Polyurethane flexible bollards
The elastomeric properties of flexible bollards allow them to bend under vehicles without losing their form.

Elastomers

Polyurethane elastomers have very high elasticity. Traffic safety devices, such as flexible bollards, benefit from these elastic properties. Designed to bend under vehicles, flexible bollards can quickly return to their original form after being flattened.

Coatings

Polyurethane coatings provide resistance from harsh solvents such as industrial cleaners. They also offer some protection against impact. Polyurethane coatings are ideal for surfaces that need abrasion resistance. Water-based solutions are also available.

Flexible foams

Flexible foams have high impact strength and cushioning. Semi-flexible polyurethane foams are also available as firmer alternatives.

Cross-linked foams

Cross-linked foams offer a more rigid and thicker structure compared to flexible foams.

Polyurethane plastic maintenance

Polyurethane is easy to take care for and low maintenance. It is resistant to solvents, oils, and corrosion—and highly durable against weathering and abrasion. Regular maintenance is as simple as wiping down the surface with a damp cloth. For instances with more surface damage, detergents and cleaning agents may be used. However, it is best to save the harsh cleansers for occasional use as they can affect the gloss level of some polyurethane finishes.

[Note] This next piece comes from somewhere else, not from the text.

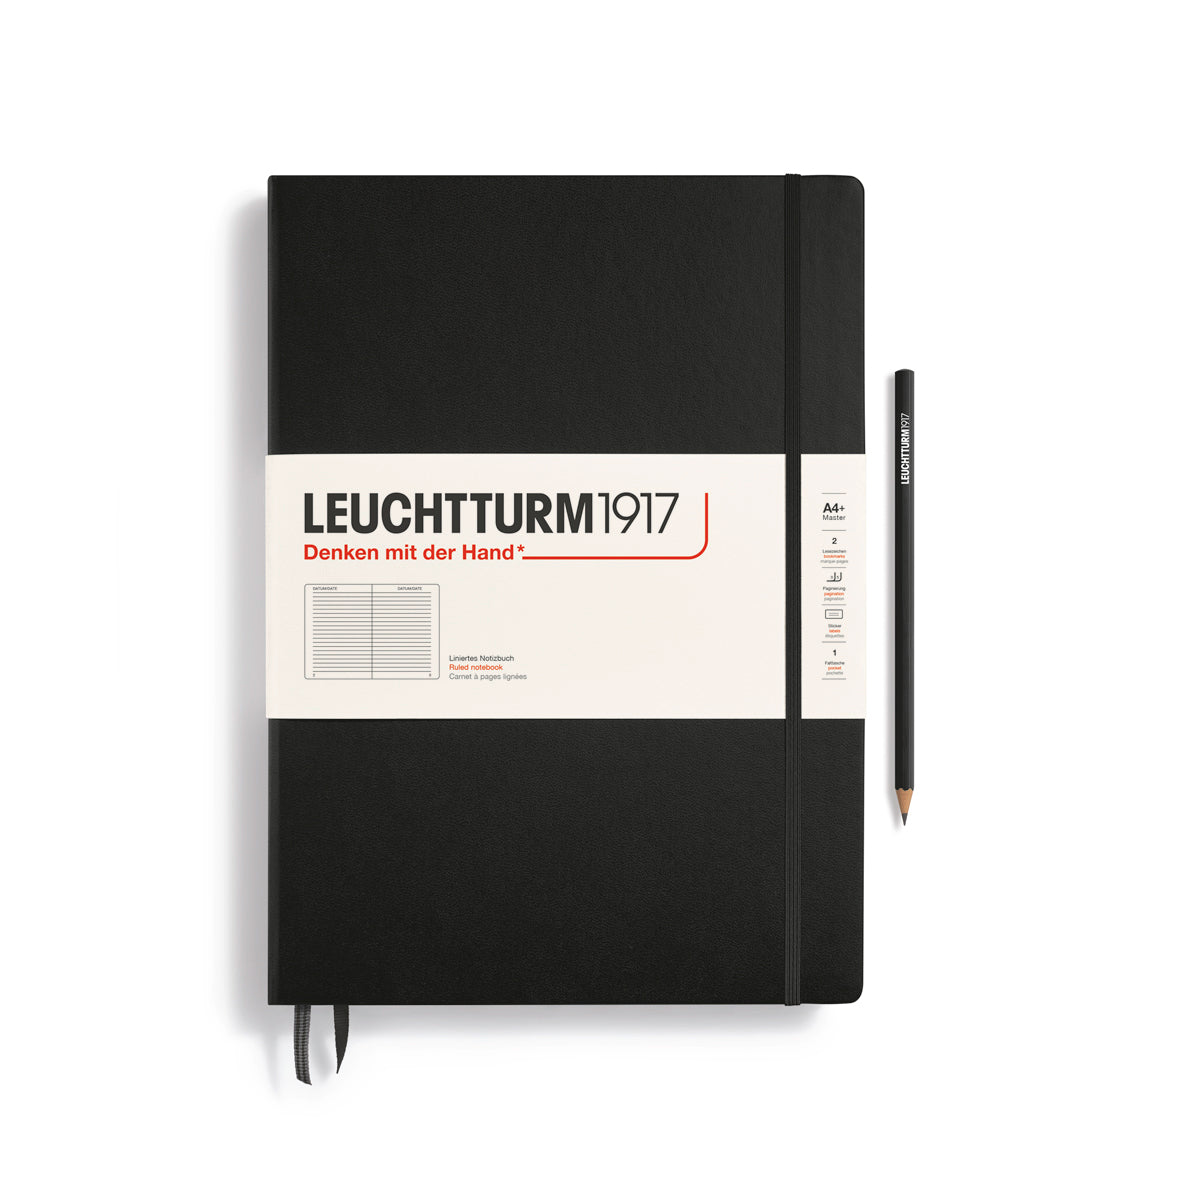 Master A4+ Ruled Hardcover Notebook
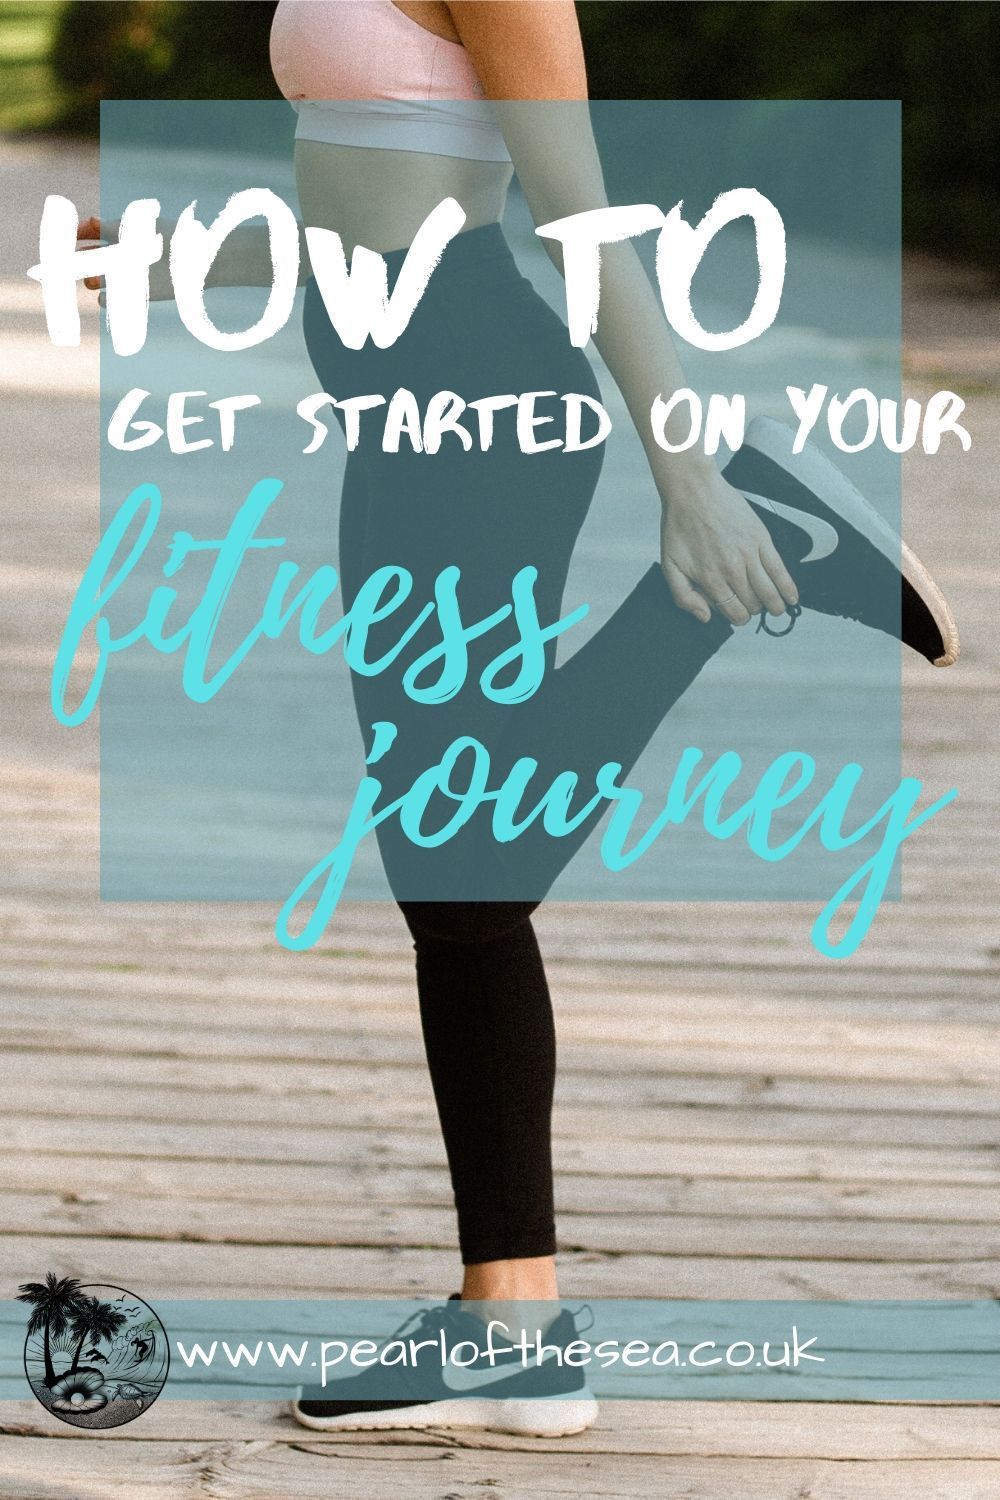 How to get started on your fitness journey - Fitness tips for beginners - How to get started on your fitness journey - Fitness tips for beginners -   19 fitness Lifestyle you are ideas

Polyurethane plastic recycling

Polyurethane can be recycled in two ways: mechanical or chemical recycling. Mechanical recycling reuses the material in its polymer form, while chemical recycling takes the material back to its chemical components.

1) Mechanical recycling

Rebond

Polyurethane waste is chopped into small pieces, sprayed with a prepolymer, and bound to the desired grade of foam. A popular method for recycled carpet underlays.

Regrind

Polyurethane industrial trim is grinded into a fine powder. The powder can then be combined with virgin materials to produce new polyurethane foam.

Adhesive pressing

Polyurethane parts are granulated and blended, then put under heat and pressure to form boards or moldings. The resulting particleboards can be used in sound proofing products and furniture applications.

2) Chemical recycling

Glycolysis

Industrial and post-consumer polyurethanes are mixed with diols at high heat. New polyols are created through a chemical reaction, which can then be used to make recycled polyurethane.

Hydrolysis

A reaction between used polyurethanes and water results in polyols that can be used as fuel. The intermediate chemicals can be used as raw materials to create recycled polyurethane.

Pyrolysis

Gas and oil are created by breaking down polyurethanes in an environment that is free of oxygen.

Hydrogenation

Gas and oil are created from used polyurethanes through applying heat, pressure, and oxygen.

The future of polyurethane

Pile of old polyurethane foam
Old polyurethane foam removed during excavation work can be recycled through mechanical or chemical means.

Polyurethane is an impressive resource with its combination of workable characteristics. Polyurethane products also boast variety—ranging from plastics, foams, coatings, to sealants—that benefit a multitude of industries.

Polyurethane products have a cyclical life span as they continue to hold value even after reaching the end of their product life cycle. In 2010, American automobile manufacturer, Chrysler, announced that it would use 180,000 pounds of recycled polyurethane foams for their seats and headrests. As the world goes green, the polyurethane industry follows suit with sustainable practices.